| Task directions |
Return exactly the lines below, starting with the one that has "Relaxed businessman watching" and going on through the one that has "Front photo of".

*** Opening of Excerpted records ***

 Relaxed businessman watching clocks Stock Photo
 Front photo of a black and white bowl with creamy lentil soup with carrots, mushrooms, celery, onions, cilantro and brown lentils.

*** Close of Excerpted records ***
*** Opening of Excerpted records ***

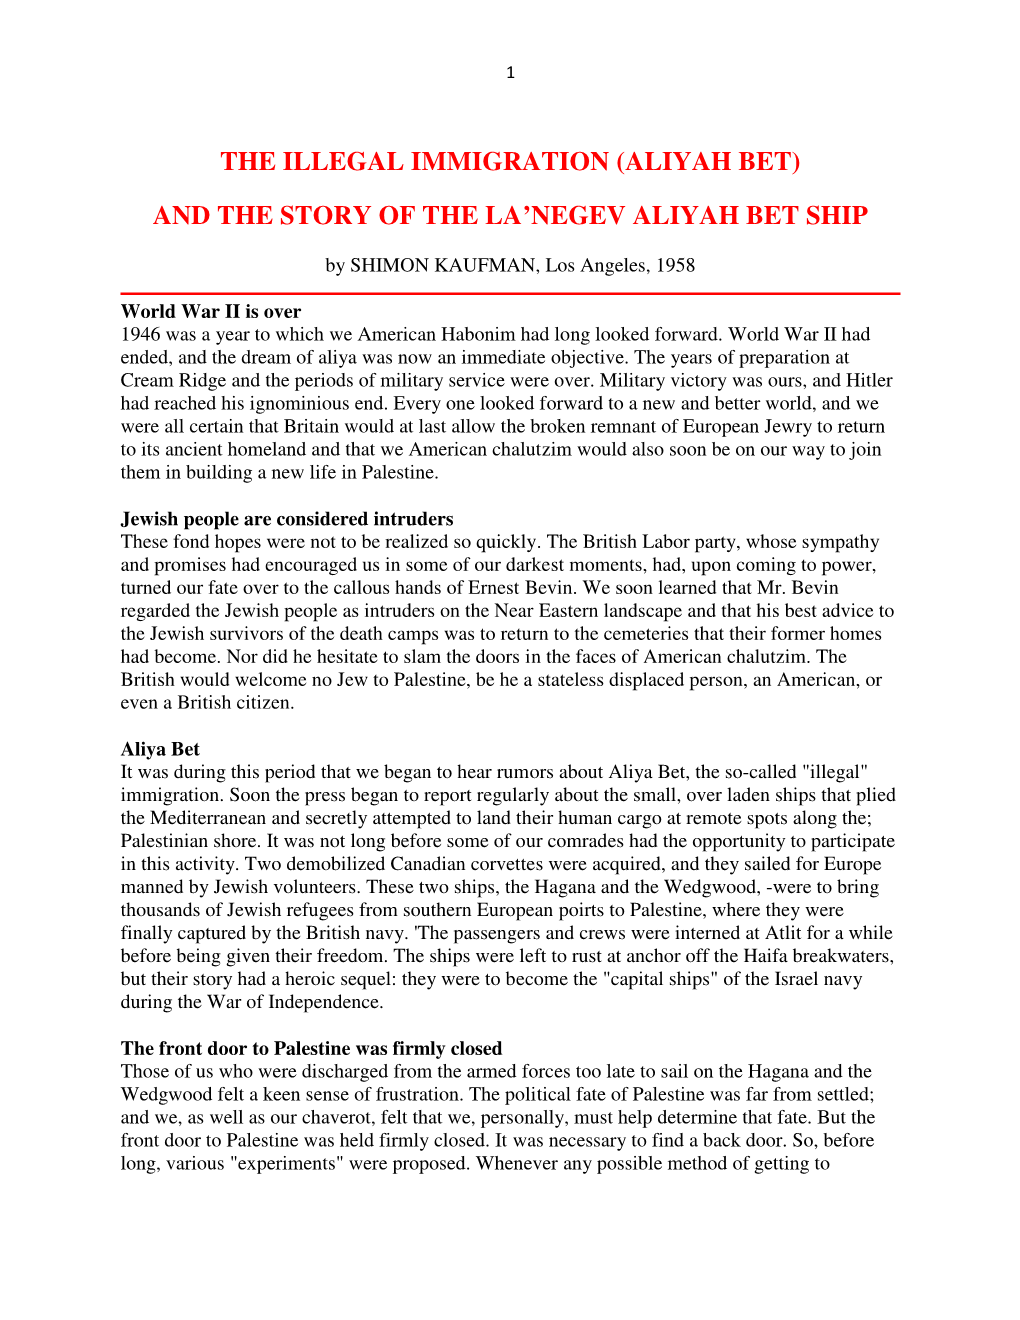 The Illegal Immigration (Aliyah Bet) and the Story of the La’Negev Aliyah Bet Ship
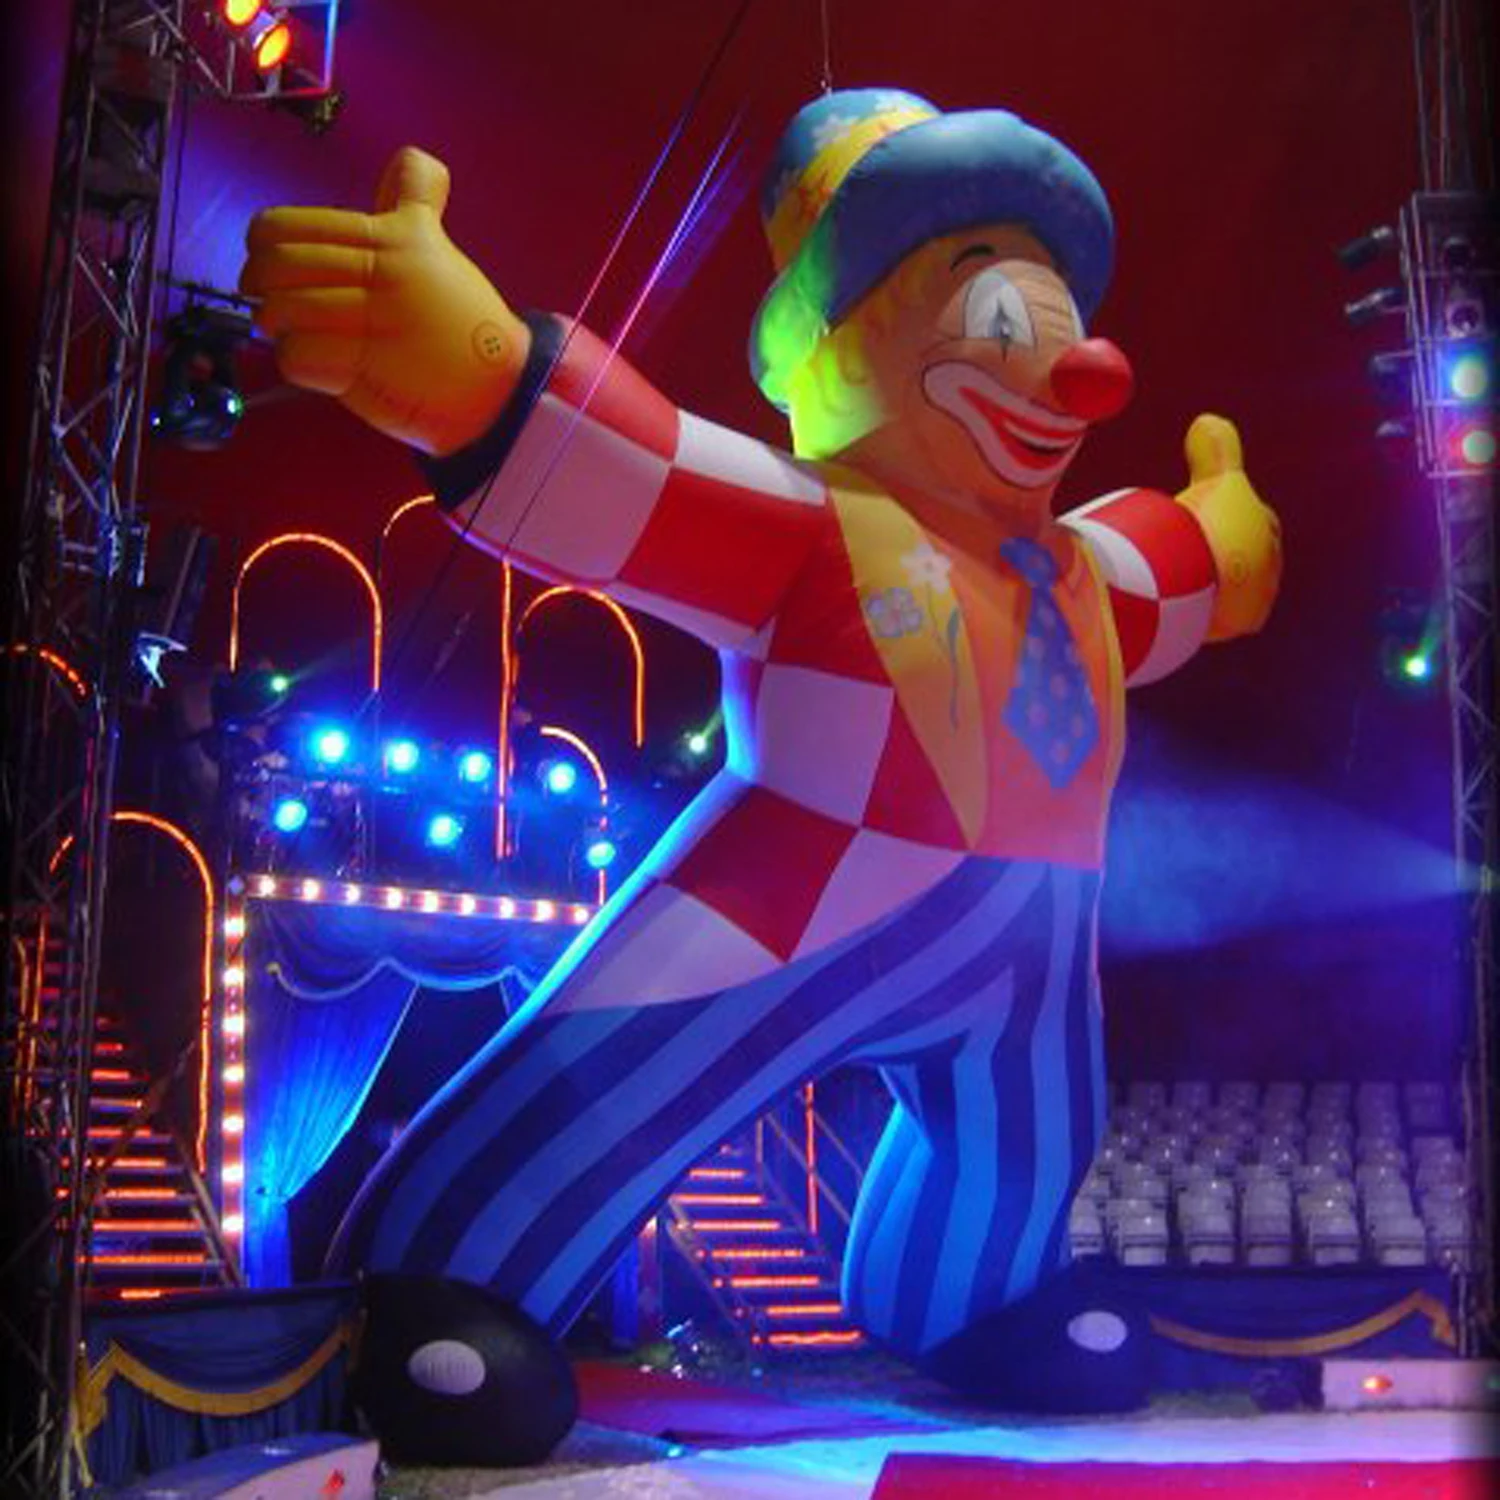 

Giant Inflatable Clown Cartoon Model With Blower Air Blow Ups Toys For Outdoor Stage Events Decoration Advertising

*** Close of Excerpted records ***

| Reply to the task |
 Relaxed businessman watching clocks Stock Photo
 Front photo of a black and white bowl with creamy lentil soup with carrots, mushrooms, celery, onions, cilantro and brown lentils.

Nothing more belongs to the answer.